Please repeat each line from the one holding "TRIPP BLACK WHITE" through the final line of the data, exactly as it stands, with no pictures.

■ **DATA PROVIDED**:
= Beginning of Section =

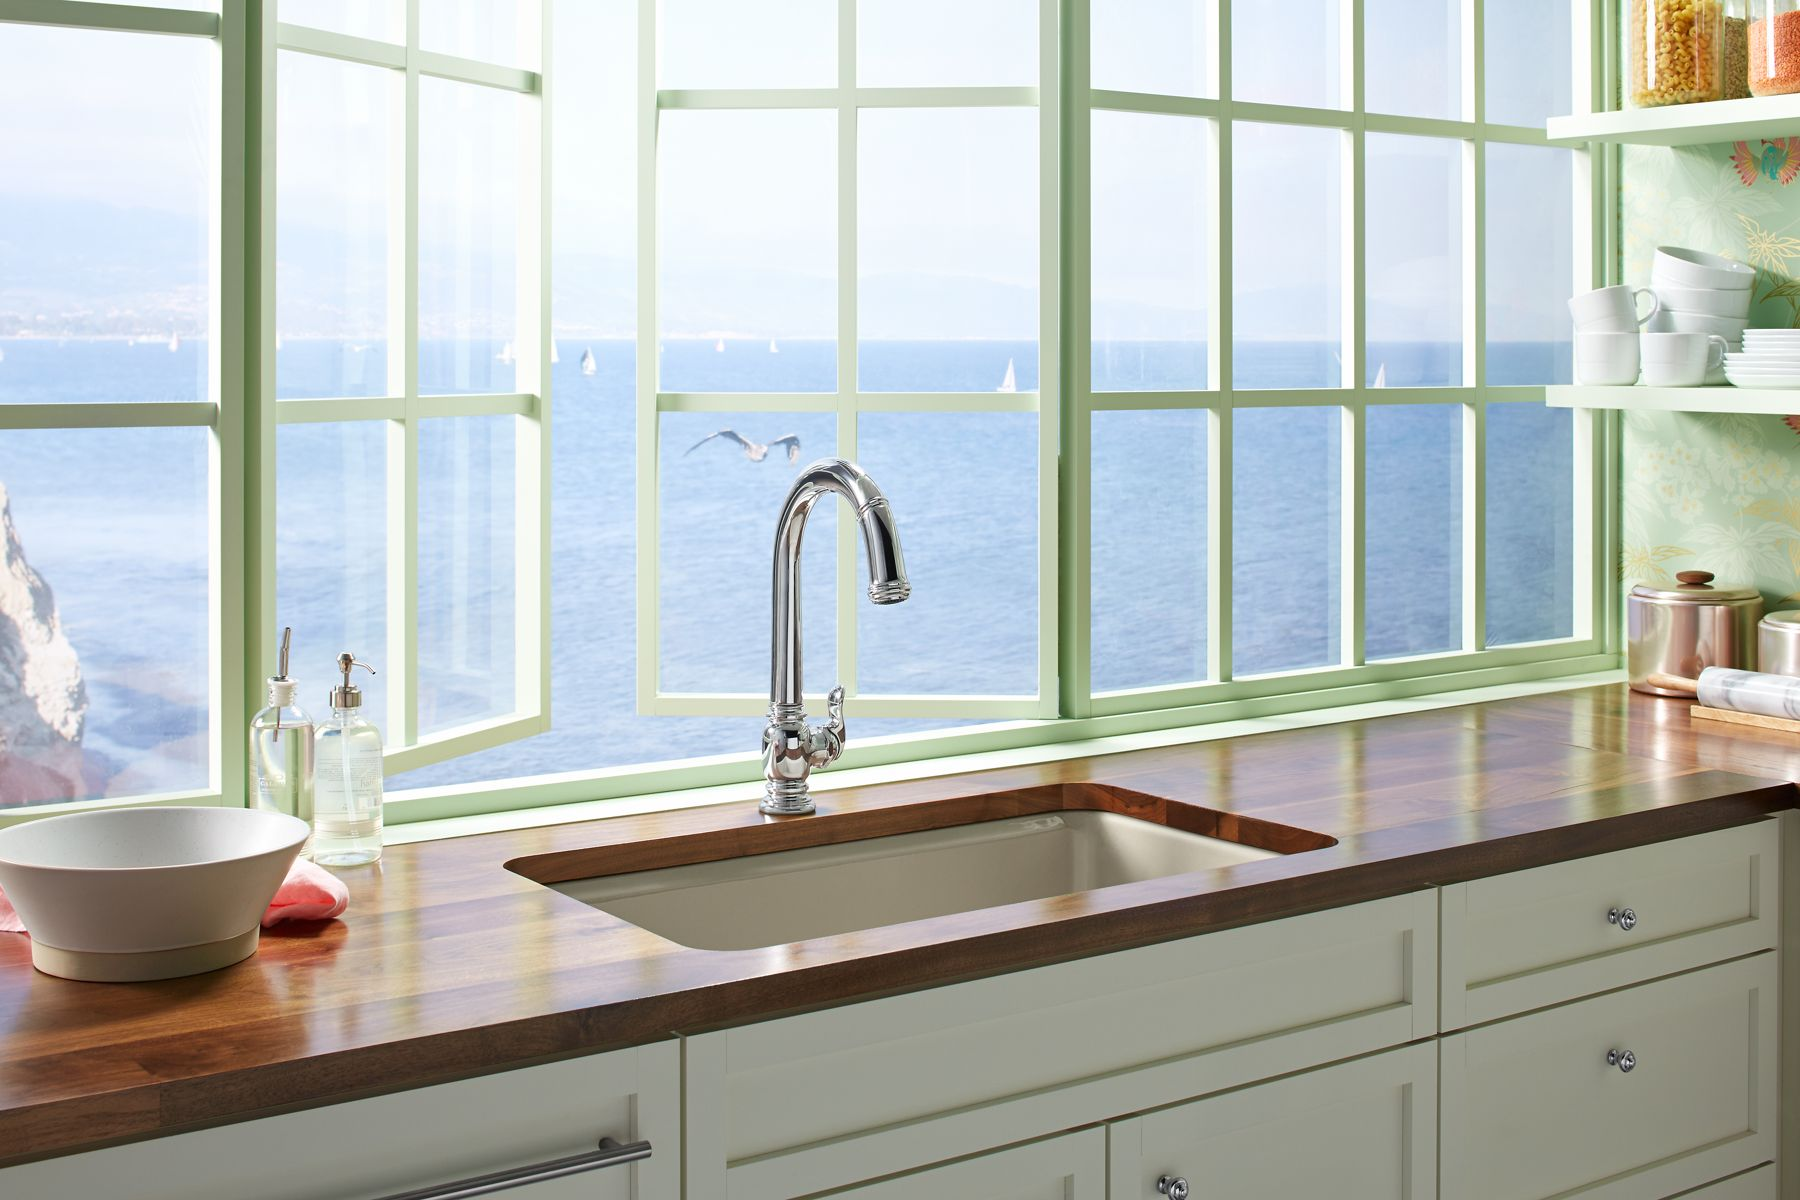 kitchen sinks buffet farmhouse stainless steel more kohler under mount
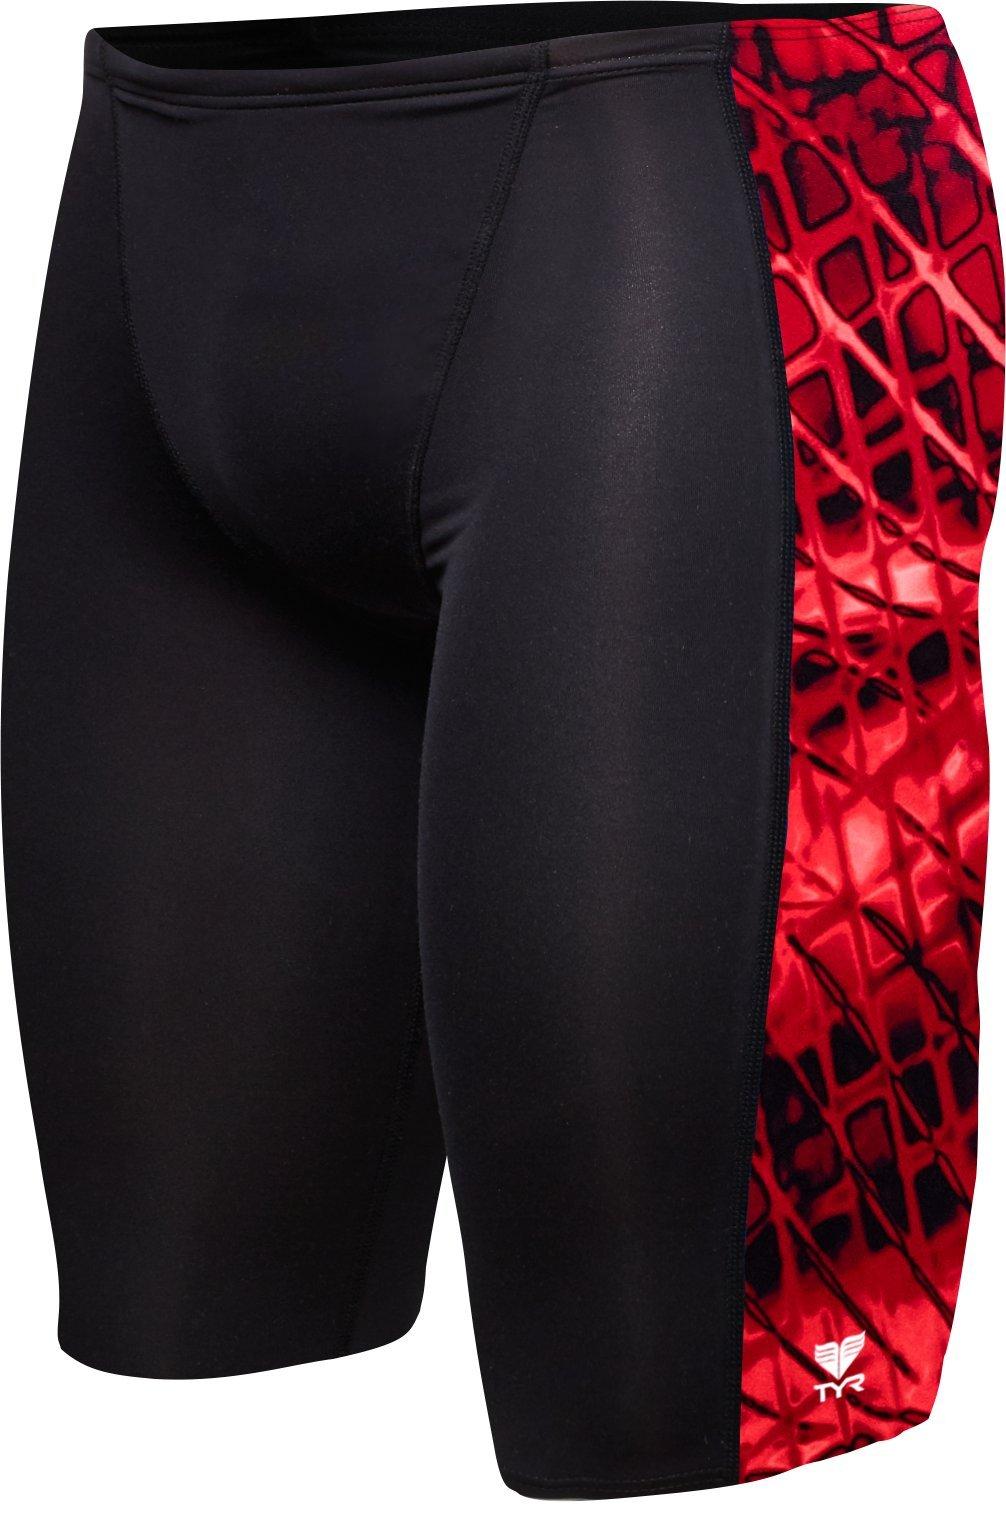 TYR Men's Plexus Hero Jammer Swimsuit, Red, 30 by TYR
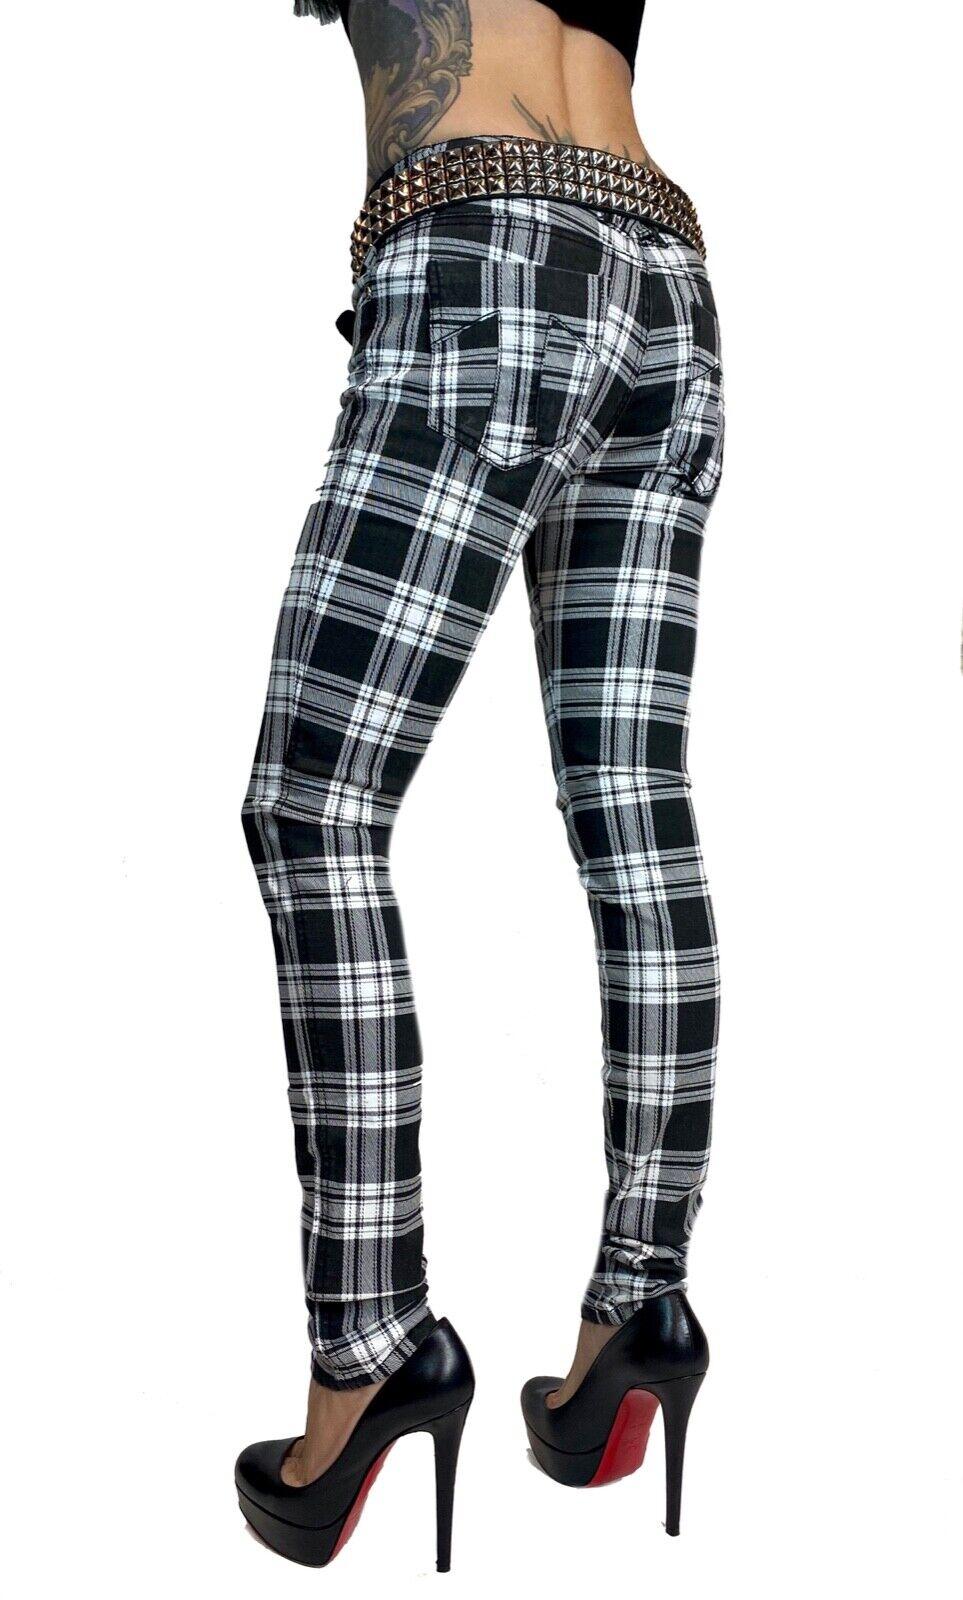 TRIPP BLACK WHITE PLAID 80S ROCK STAR SKINNY JEAN PANTS MOTO METAL PUNK IS6235P Clothing, Shoes & Accessories
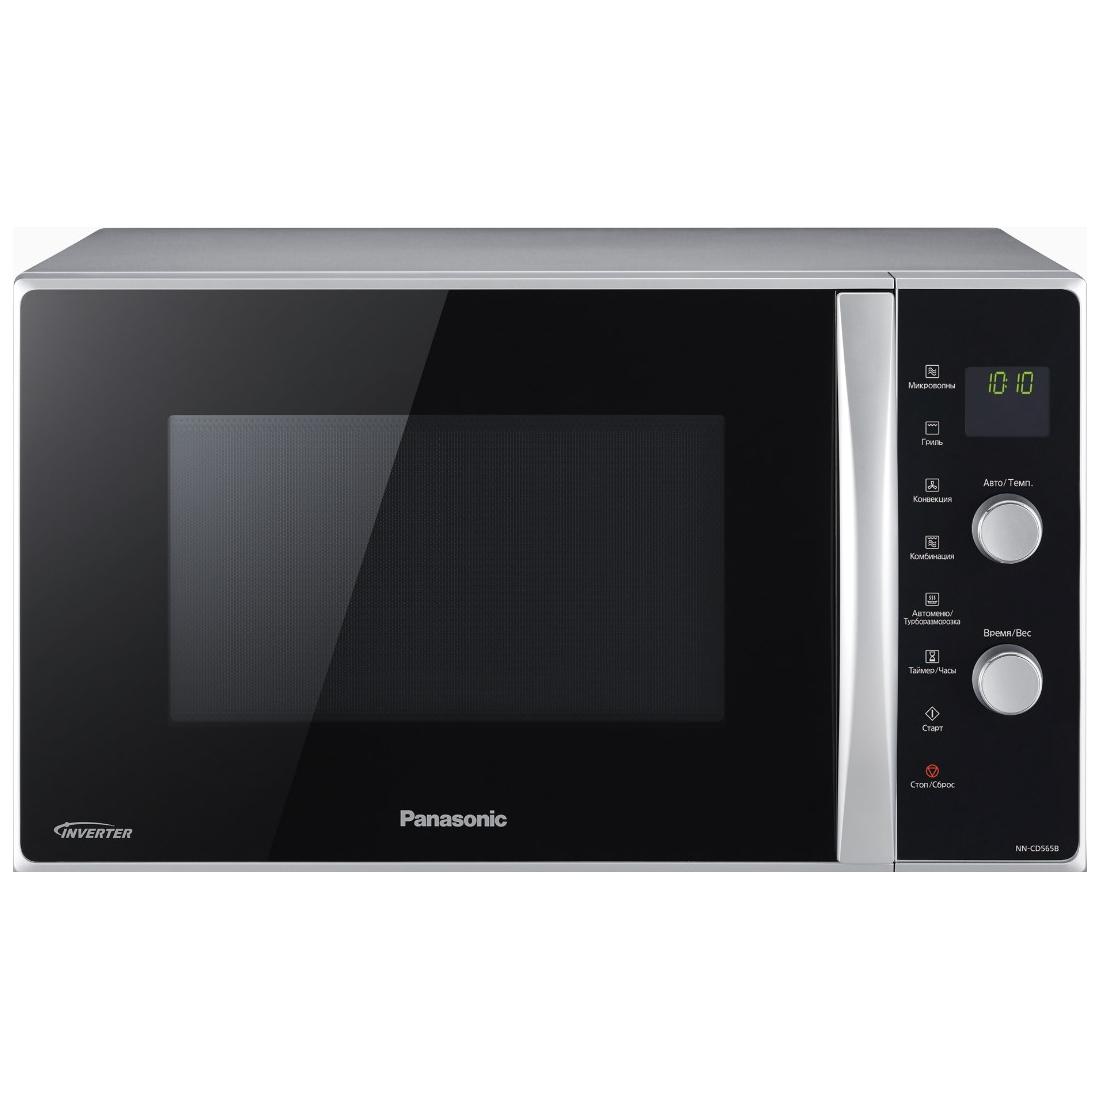 Panasonic Microwave White 27l Bestmicrowave

= End of Section =

■ **REPLY TO THE EXERCISE**:
 TRIPP BLACK WHITE PLAID 80S ROCK STAR SKINNY JEAN PANTS MOTO METAL PUNK IS6235P Clothing, Shoes & Accessories
 Panasonic Microwave White 27l Bestmicrowave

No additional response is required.